Guaymas, l’un des ports les plus importants de la mer Pacifique aux temps de la domination espagnole, est bien déchu aujourd’hui de son ancienne splendeur ; ses fameuses pêcheries de perles dont les produits étaient si avidement recherchés par les grandes dames et les fastueux seigneurs de la cour de Philippe II, sont maintenant à peu près abandonnées ; et c’est à peine si, de temps à autre, quelques Kanakas désœuvrés, les plus merveilleux plongeurs qui soient au monde, s’amusent, pour exaspérer les requins, à cueillir, sur les sables sous-marins, quelques huîtres perlières. La prodigieuse activité qui, jadis, animait Guaymas, a fait place au calme et au silence ; on n’y voit plus ni hôtellerie ni auberges ; on dirait la ville endormie du conte.

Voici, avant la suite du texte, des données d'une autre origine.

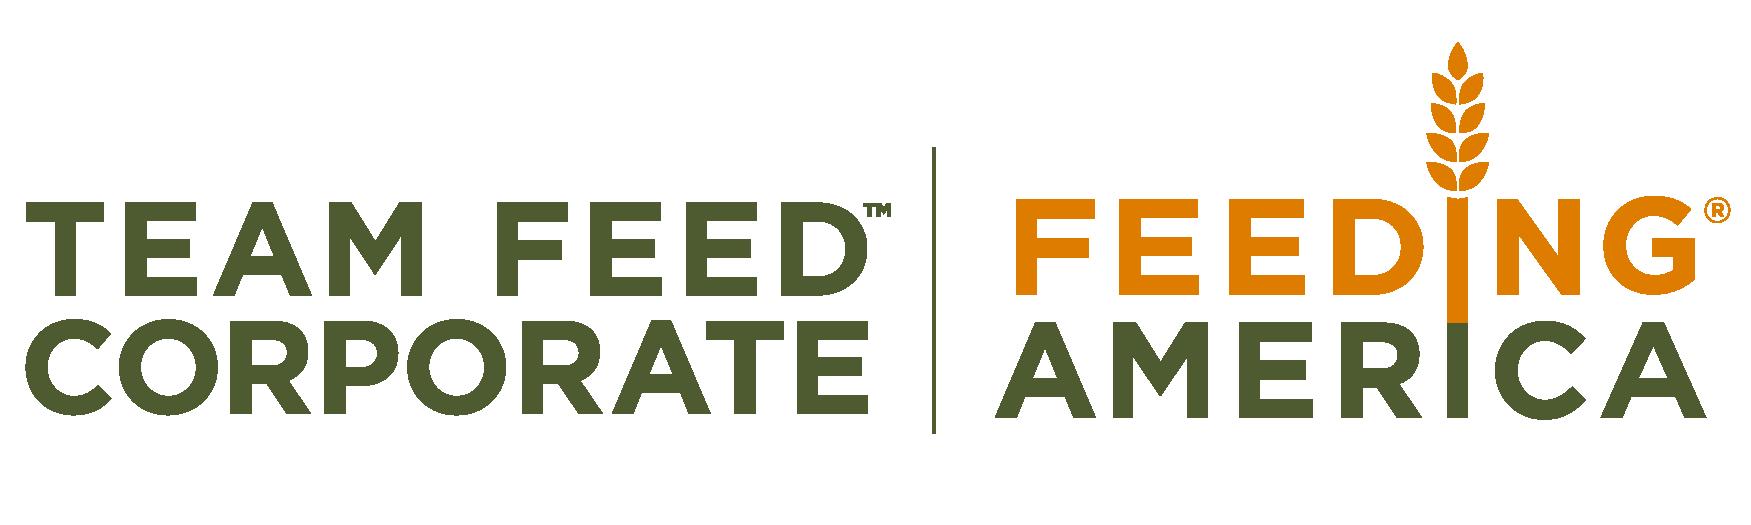 Team Feed Corporate | Feeding America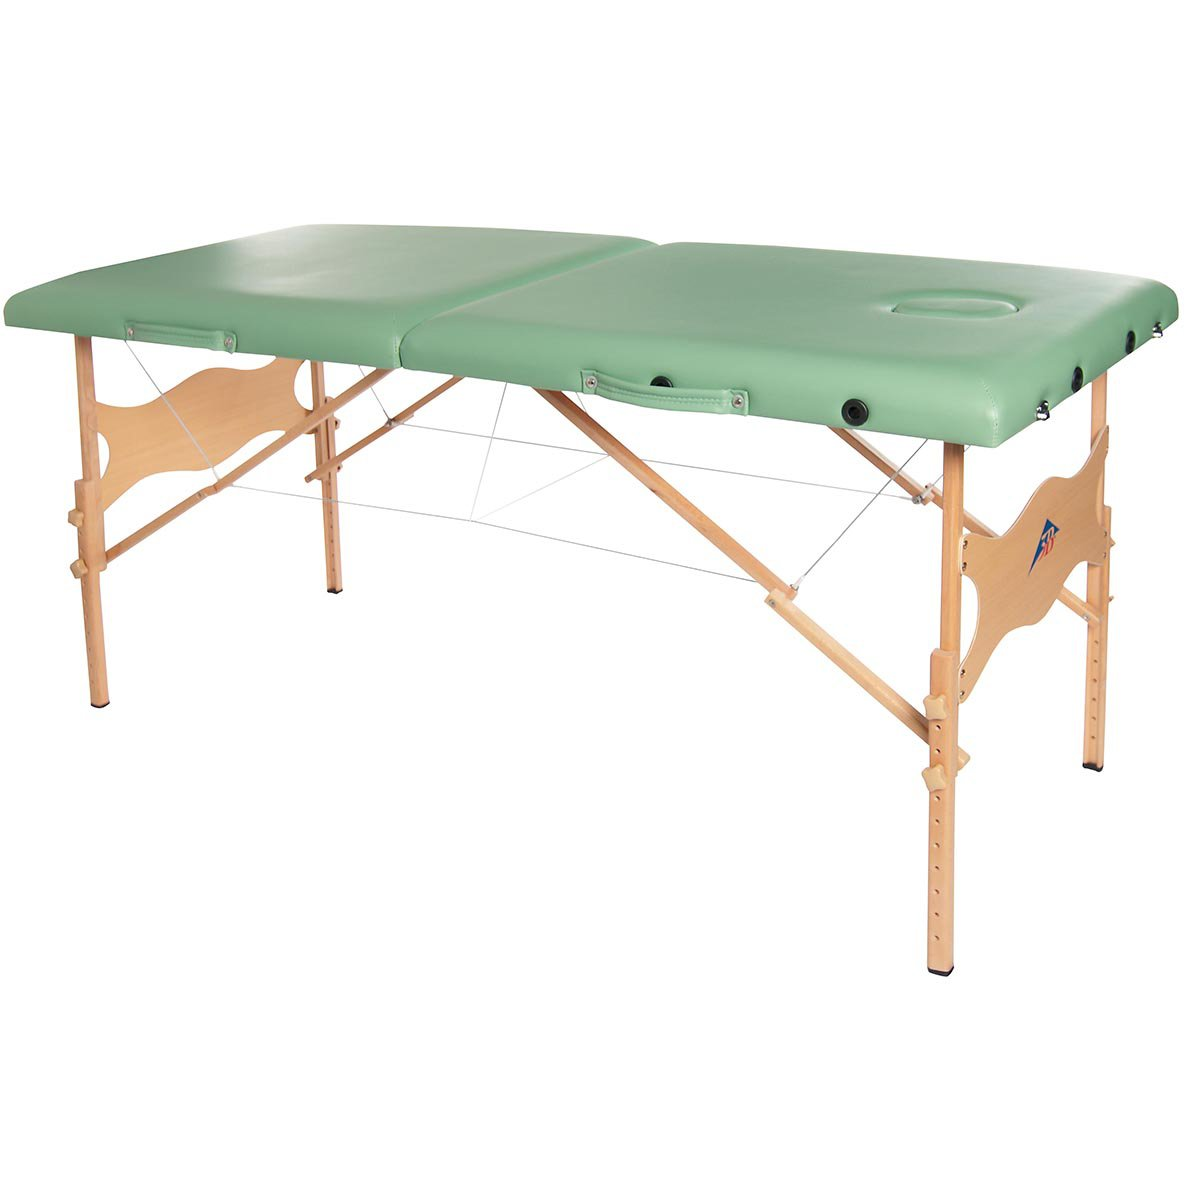 3B Scientific W60601G-1 Wood Basic Portable Massage Table, 550lbs Capacity, 25''-33'' Adjustable Height, Green

Dans la salle du rez-de-chaussée d’une maison à un étage, située aux environs de la plaza, se trouvent assis devant une table, sur laquelle fument deux tasses exiguës remplies de chocolat, la jeune fille de master Sharp et le Canadien Grandjean ; tous les deux sont en costume de voyage. Les premières clartés de l’aube naissante n’éclairent encore que faiblement l’horizon ; miss Mary paraît absorbée par de graves réflexions ; l’aventurier semblait être de fort mauvaise humeur : derrière eux se tient debout une petite servante mexicaine.